I want to understand below things on RDD of Spark Concept.

  1. is RDD just a concept of copying require data in some node's RAM from HDFS storage to speed up the execution?

  2. if a file is splitted across the cluster then for a single flie, RDD brings all require data from other nodes?

  3. if 2nd point is correct then how it decides which node's JVM it has to execute? how data locality works here?

1

1 Answers

0
votes

The RDD is at the core of Apache Spark and it is a data abstraction for a distributed collection of objects. They are immutable distributed collection of elements of your data that can be stored in memory or disk across a cluster of machines. The data is partitioned across machines in your cluster that can be operated in parallel with a low-level API that offers transformations and actions. RDDs are fault tolerant as they track data lineage information to rebuild lost data automatically on failure.

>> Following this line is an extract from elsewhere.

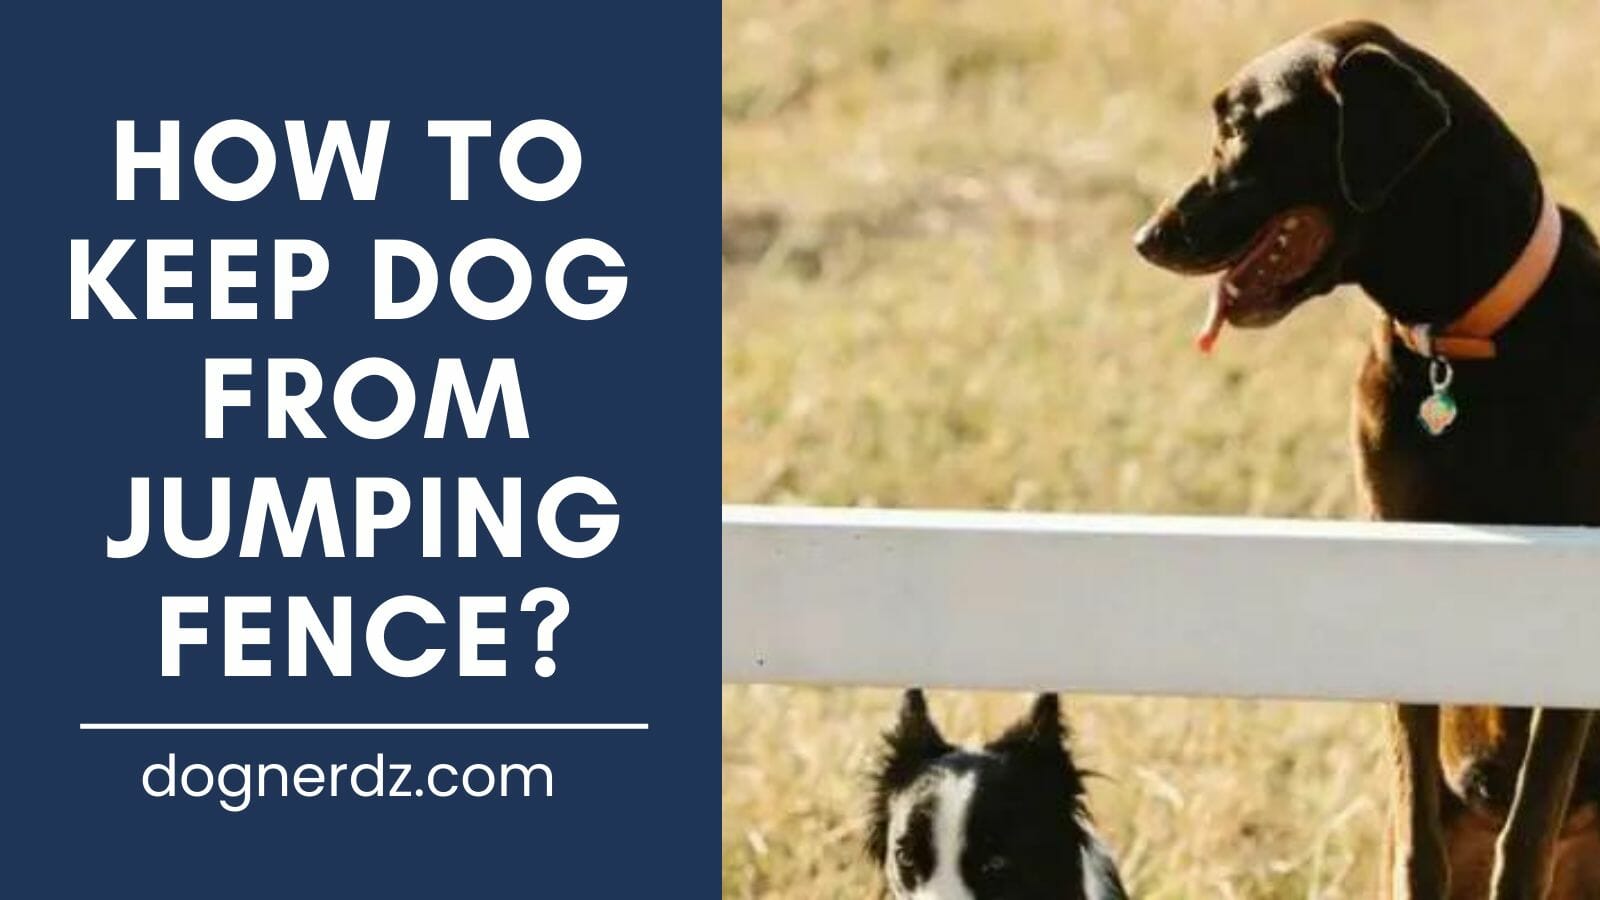 how to keep dog from jumping fence?

Ref: https://databricks.com/blog/2016/06/22/apache-spark-key-terms-explained.html

If a file is split across the cluster upon loading, the calculations are done on the nodes where the RDDs reside. That is, the compute is performed where the data resides (as well as it can) to minimize the need for performing shuffles. For more information concerning Spark and Data locality, please refer to: https://databricks.gitbooks.io/databricks-spark-knowledge-base/content/performance_optimization/data_locality.html.

Note, for more information about Spark Research, please refer to: http://spark.apache.org/research.html; more specifically, please refer to Zaharia et. al.'s paper: Resilient Distributed Datasets: A Fault-Tolerant Abstraction for In-Memory Cluster Computing (http://people.csail.mit.edu/matei/papers/2012/nsdi_spark.pdf).